Supplied material >>
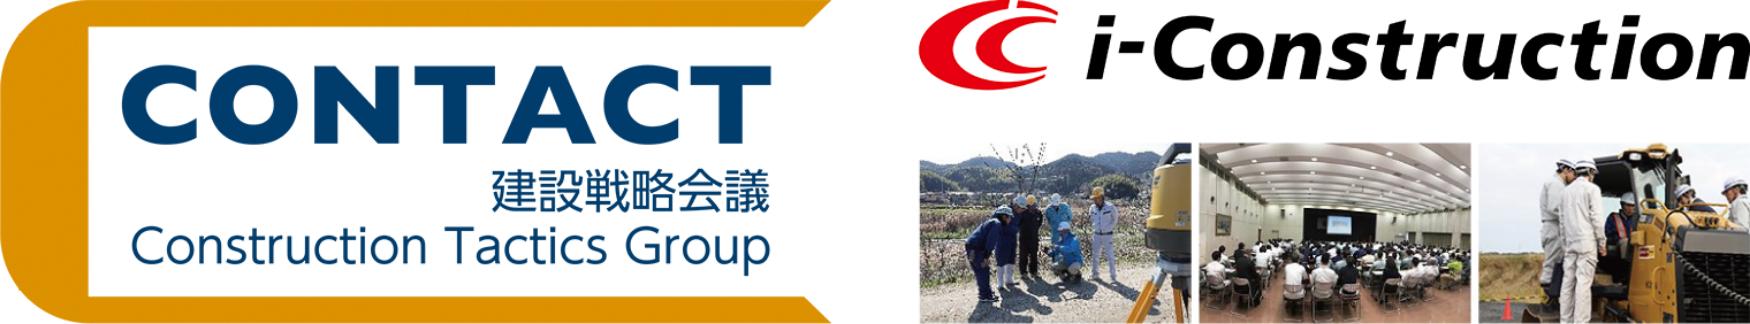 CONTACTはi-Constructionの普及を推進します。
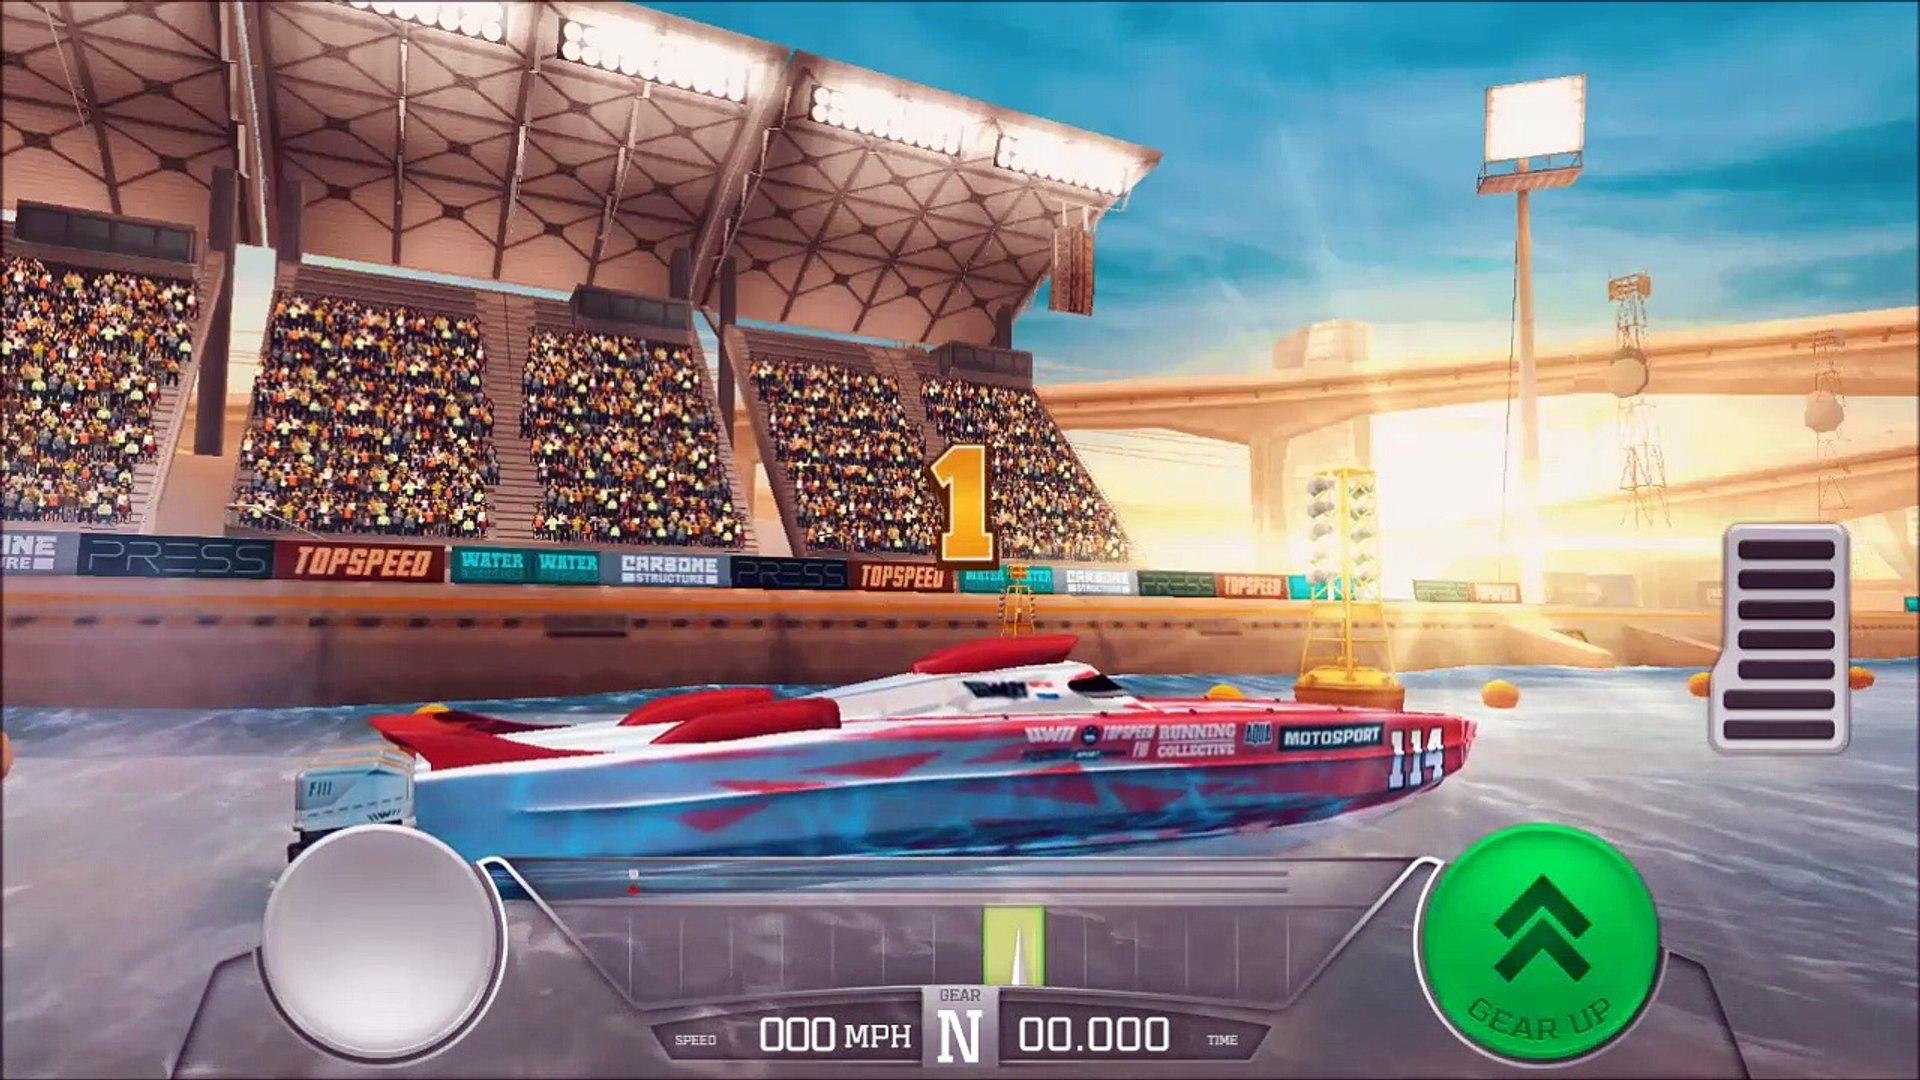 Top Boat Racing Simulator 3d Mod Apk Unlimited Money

==

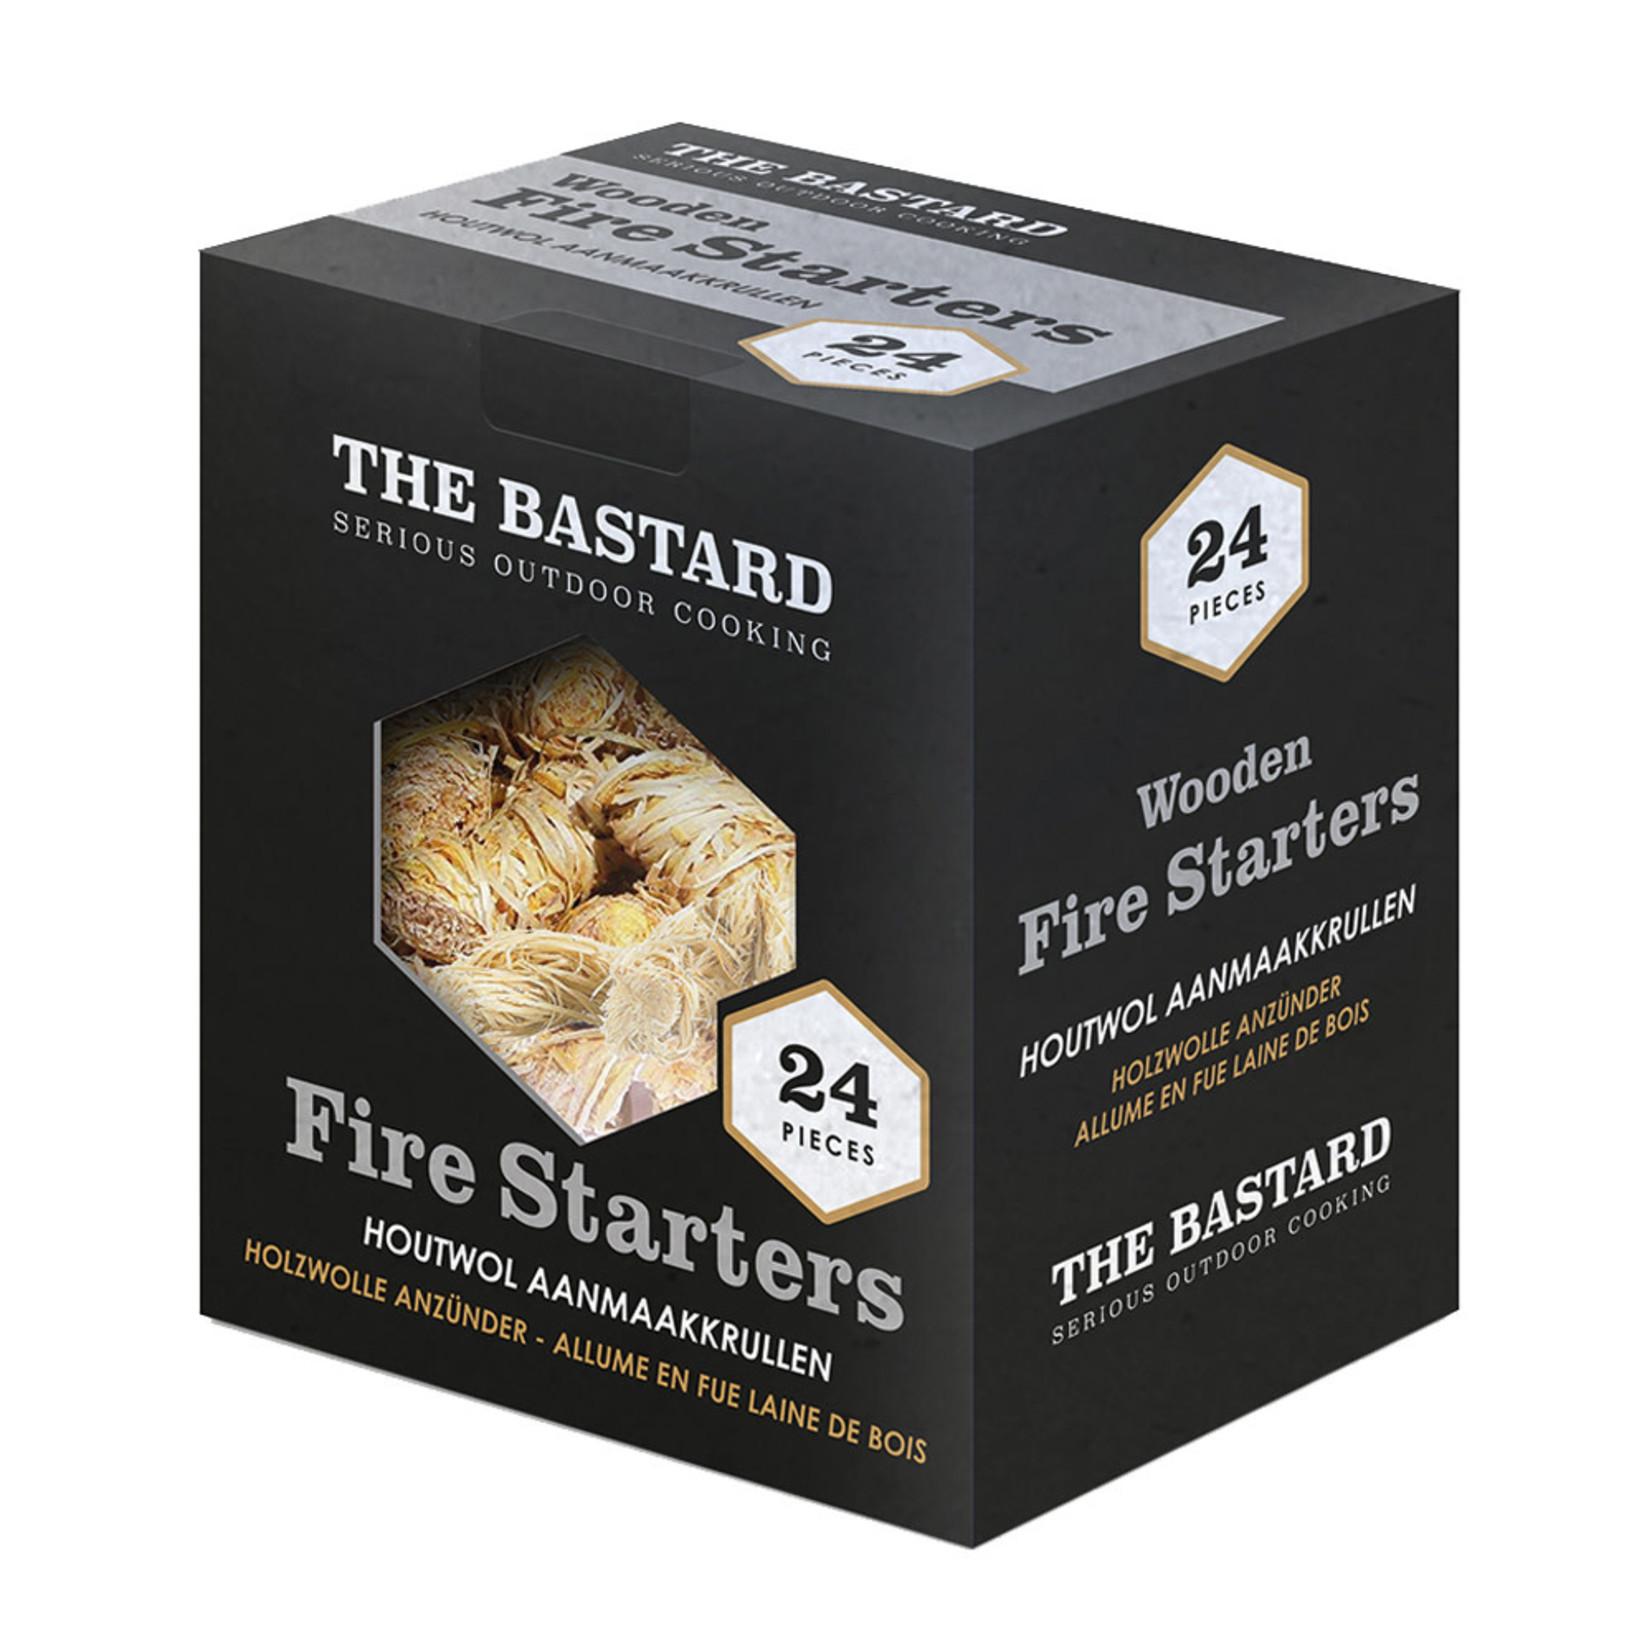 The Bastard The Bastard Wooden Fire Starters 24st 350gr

Your objective >>
Go to the line above that has "CONTACTはi-Constructionの普及を推進します。" and copy exactly from there down to the line that has "Top Boat Racing", both included. Leave the pictures out.

Written response >>
 CONTACTはi-Constructionの普及を推進します。
 Top Boat Racing Simulator 3d Mod Apk Unlimited Money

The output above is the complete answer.